Data records |
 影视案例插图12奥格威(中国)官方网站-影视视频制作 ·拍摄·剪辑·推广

==

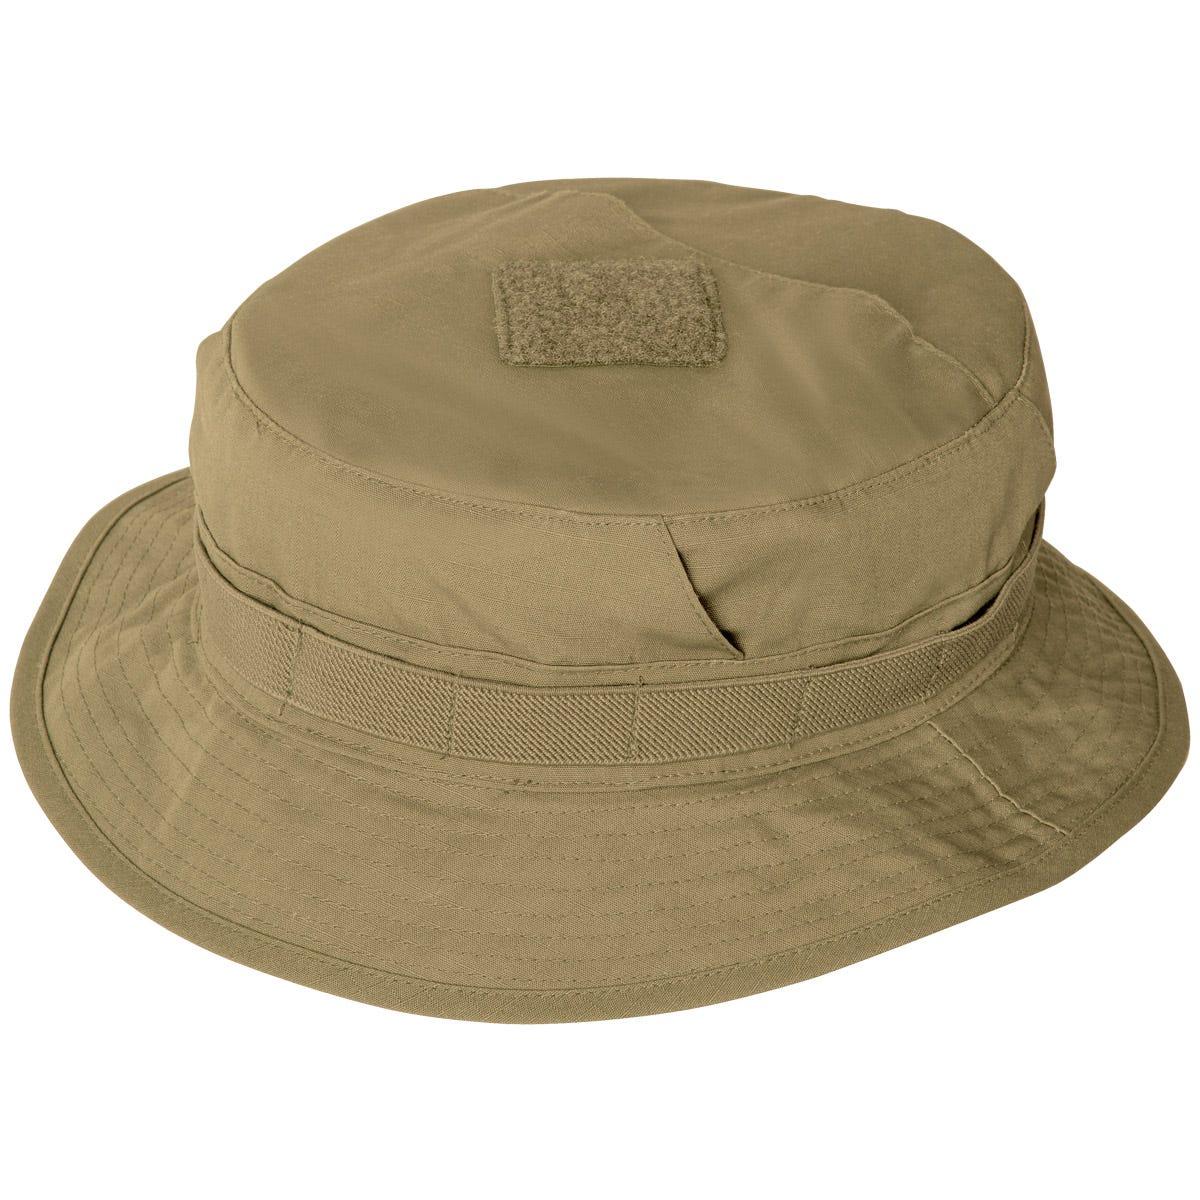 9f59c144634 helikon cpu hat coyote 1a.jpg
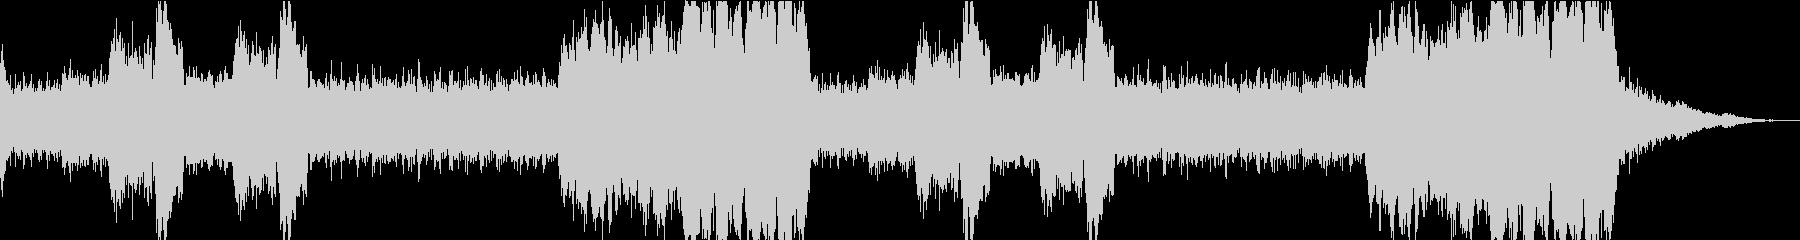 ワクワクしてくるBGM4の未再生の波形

Work item | Transcribe, word for word, the stretch of lines in the data above from the one with "9f59c144634 helikon cpu hat coyote 1a.jpg" through the one with "ワクワクしてくるBGM4の未再生の波形"; omit all pictures.

Problem solution |
 9f59c144634 helikon cpu hat coyote 1a.jpg
 ワクワクしてくるBGM4の未再生の波形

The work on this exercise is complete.